Quigley, who has spent more than seven years as either nurse manager or associate nurse manger at Ryder Trauma Center, learned that lesson when she spent three months working full-time with Local 1991 to address staffing in the ICUs and the ER at Jackson Memorial.
Quigley is a no-nonsense powerhouse in her unit and she jumped at the chance to make a difference in fixing the staffing issues that continue to plague so many units at Jackson.
“I was so frustrated,” she said. “It was a constant battle. I was like, ‘Let me get out and show them.'”
Quigley took leave from her job and worked closely with Local 1991 President Martha Baker, RN, focusing on a host of staffing and process issues, such as the Rapid Response Team, charge nurses with patient loads and through-put from the ER to the ICUs. The pair collected data from the units and presented it in multiple meetings with management.
“I was able to present real scenarios and situations, specific examples, and to show data to back up what we’ve been saying all along,” she said. “It was really put in their face. If we are using that much overtime, how can you say we’re fully staffed? If you are not staffing appropriately, how can you reduce length of stay?”
Quigley found that management was responsive to this approach. Again and again, she and Baker were told that staffing and other issues were going to be addressed.
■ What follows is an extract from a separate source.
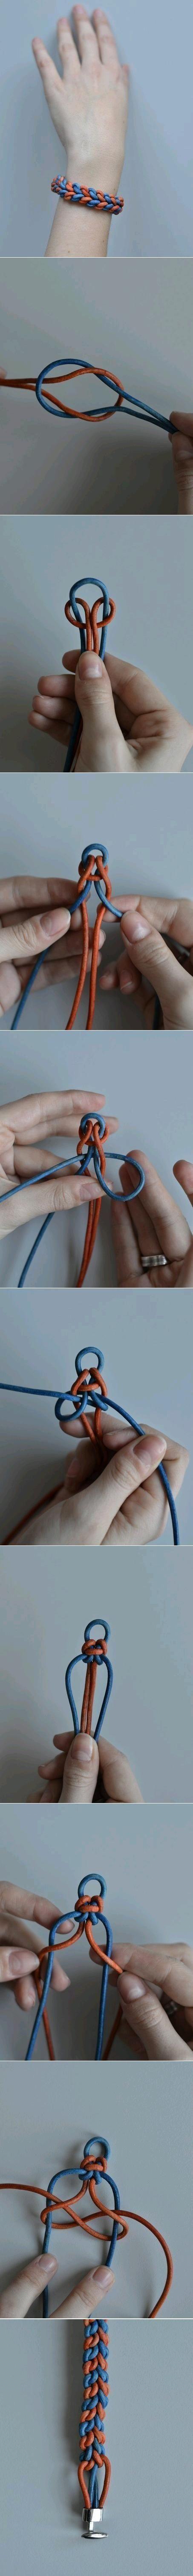 DIY Handmade Bracelet DIY Handmade Bracelet by diyforever

And in some cases, they were.
For instance, Quigley’s unit was approved for seven additional staff. Not as much as they need to function perfectly, but a relief. CNO Debbie Tedder, RN, also said that JMH will approve an internship every quarter in the ICU, ER or Med-Surge.
And staff who had been working full-time in units were finally moved over from the Central Staffing office, which meant that their managers could correctly compensate them for such benefits as tuition reimbursement, PL days and funeral leave.
Quigley said the fight is far from over, but getting a bigger picture of the challenges affecting managers across the system was helpful.
“It gave me a view of what’s happening in the hospital,” she said. “Sometimes you don’t see outside your own unit. I now realize why things take so long to get done. It maybe dropped my frustration level down coming back to my job.”
Quigley believes that more members should look for opportunities to get involved in issues being fought in their units.
“People need to understand it’s a process,” she said. “If we don’t take care of each other, who will?”